Zebra Schist : What is Zebra Schist? Where is it found?

What is Zebra Schist? Where is Zebra Schist found?

Zebra Schist
Photographed on Kangaroo Island, this rock – called a ‘zebra schist’ – deformed from flat-lying marine sediments through being stressed by a continental collision over 500 million years ago. Credit: Dietmar Muller, CC BY

Zebra Schist

Zebra Schist is The tightly folded, thinly bedded schists that are derived from sedimentary rocks that are exposed in Kangaroo Island are known as zebra schists. A quartz-rich and biotite-rich layering largely reflects original sedimentary layering rather than metamorphic differentiation as the secondary biotite preserves and outlines a variety of sedimentary structures.

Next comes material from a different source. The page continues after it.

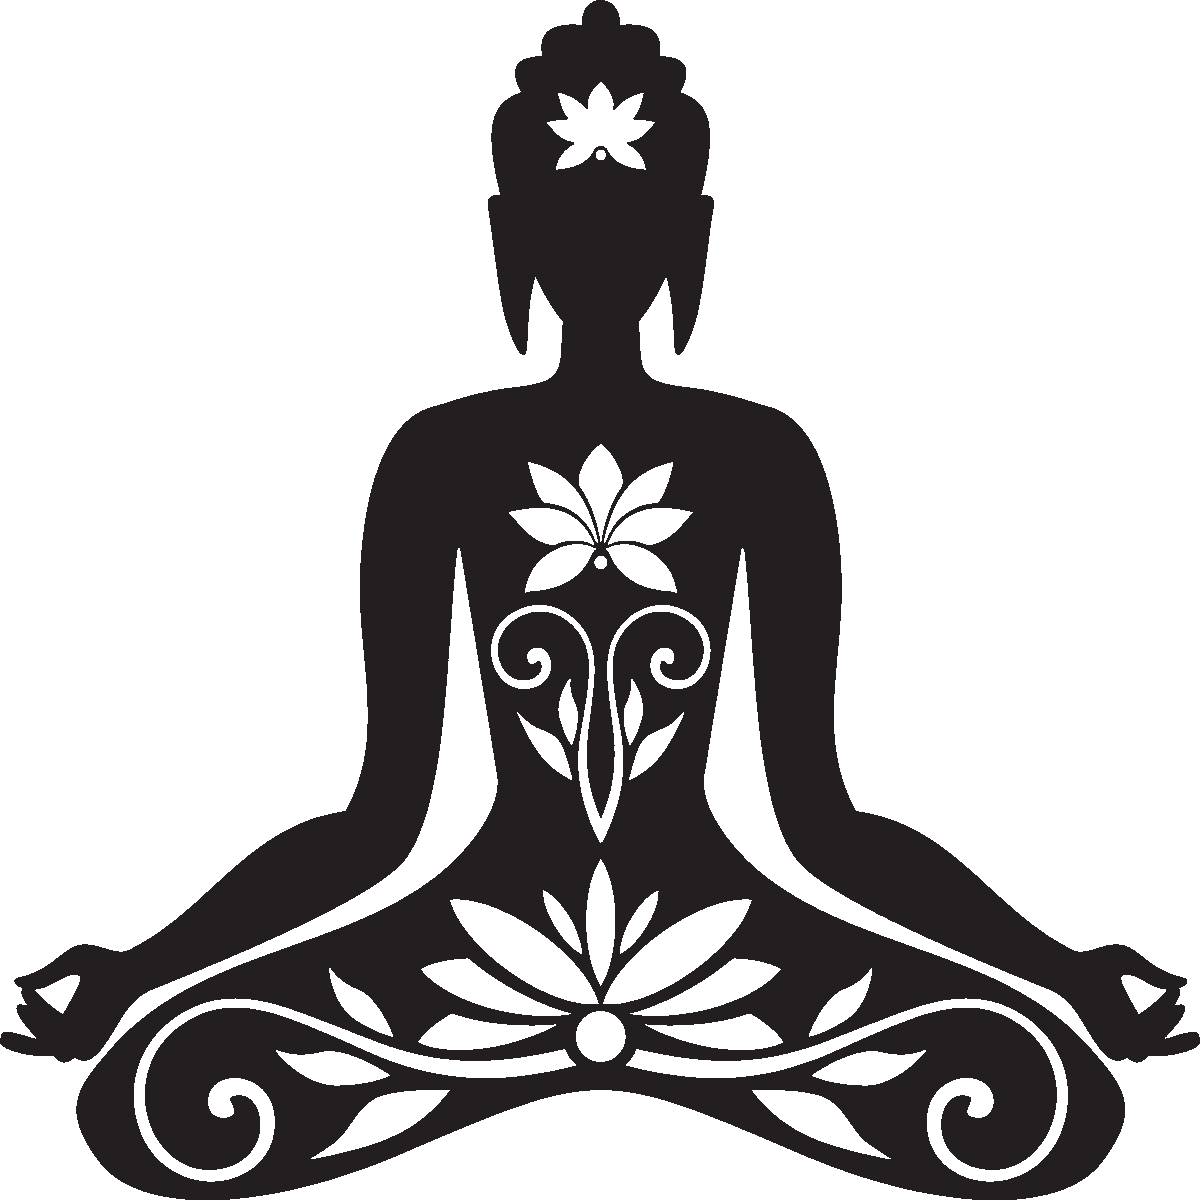 рисунок йога на белом фоне стиля цвета что
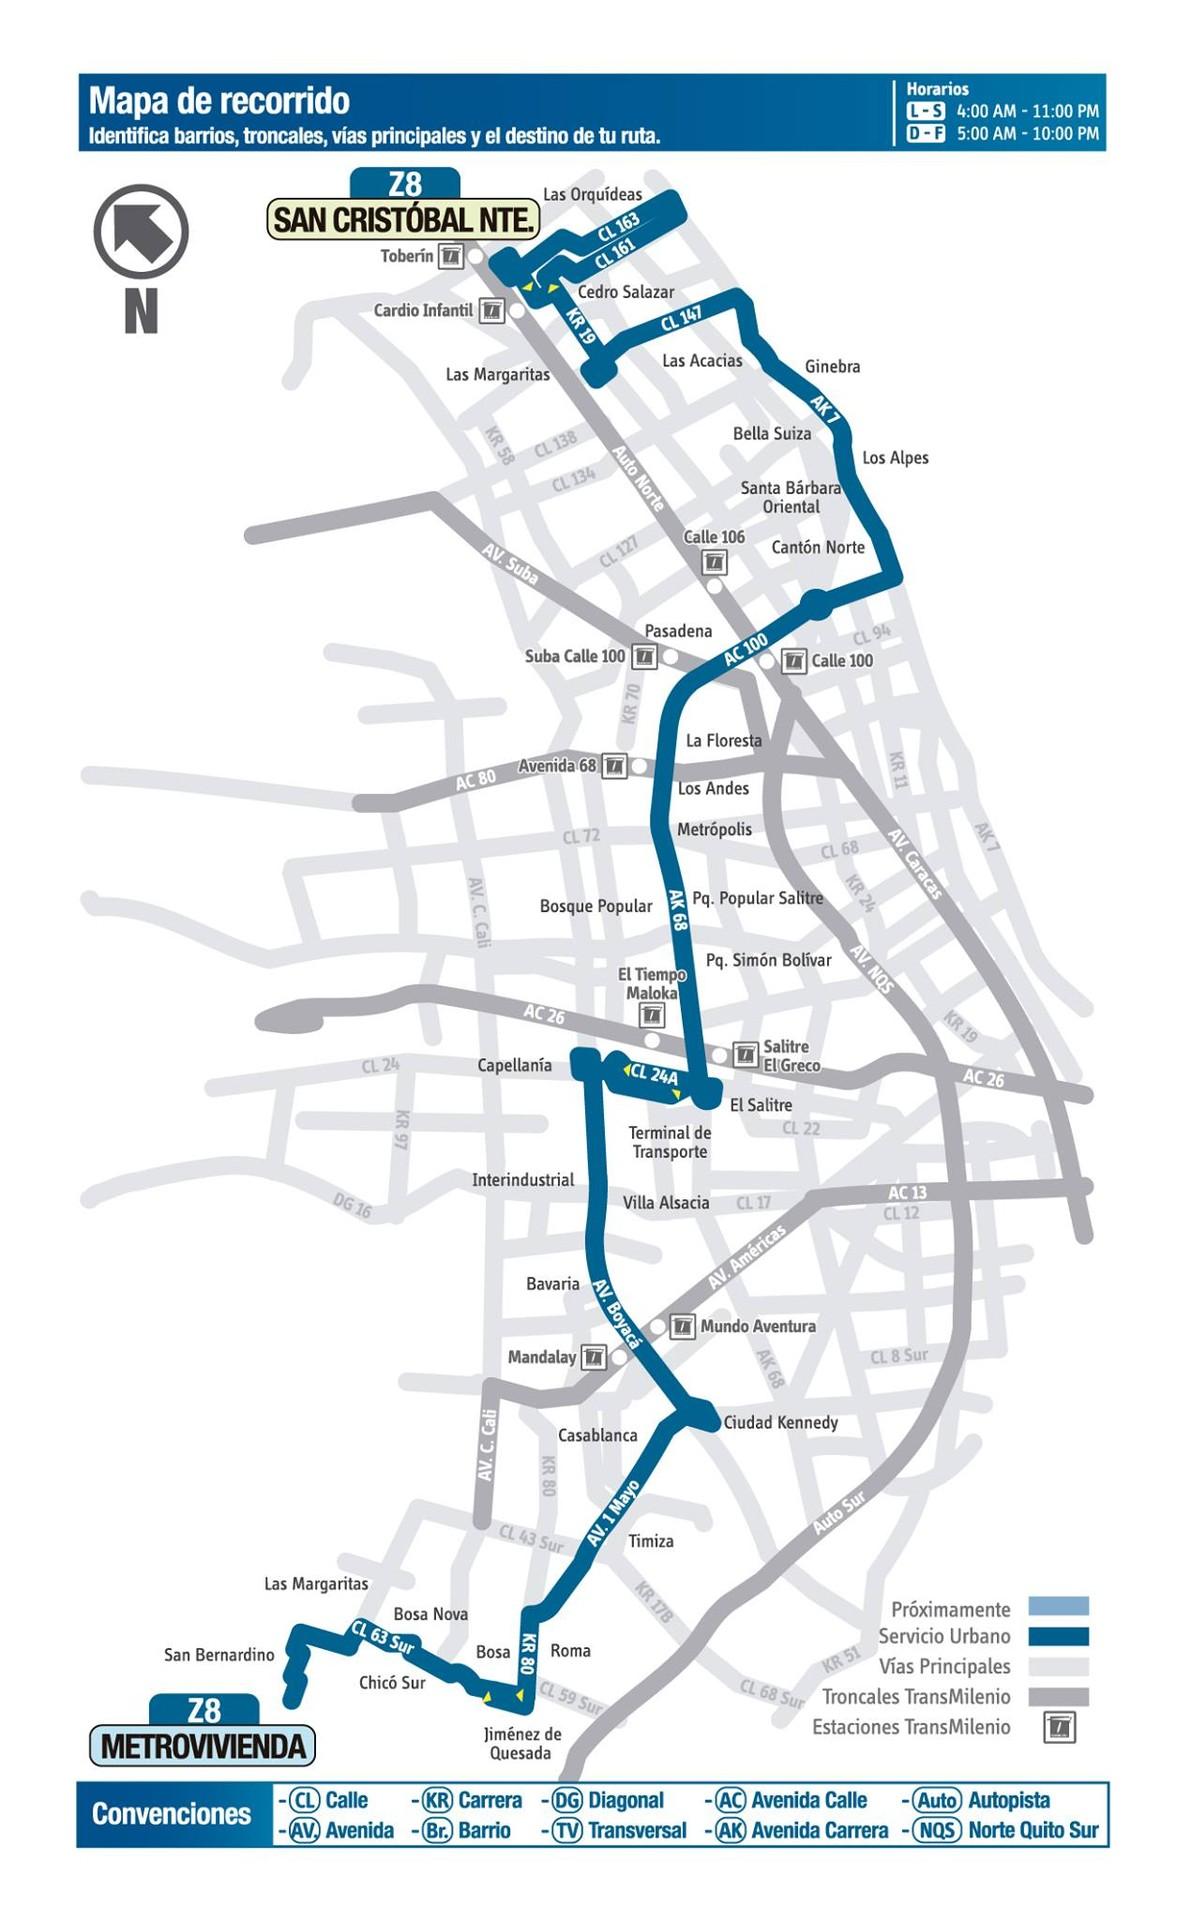 Urbana Z8 modifica parte del recorrido en Usaquén

Small cross-beds troughs and climbing ripples show a sequence facing south. The Geological Society of Australia

has designated this section of the coastline as a geological monument.

Where is Zebra Schist found?

It Found in Harvey’s Return, Kangaroo Island, South Australia

What is Schist?

Schist is a metamorphic rock of medium grade. In a preferred orientation, Schist has medium to large, flat, sheet-like grains (nearby grains are approximately parallel). It is defined by having platy and elongated minerals (such as micas or talc) of more than 50 percent, often finely interleaved with quartz and feldspar.

These minerals include micas, chlorite, talc, hornblende, graphite, and other lamellar (flat, planar). In drawn-out grains, quartz often occurs to such an extent that a particular shape is produced called quartz schist. Often schist is garnetiferous. At a higher temperature, schist forms and has larger grains than phyllite. Geological foliation with medium to large grained flakes in a preferred sheetlike orientation is called schistosity (metamorphic arrangement in layers).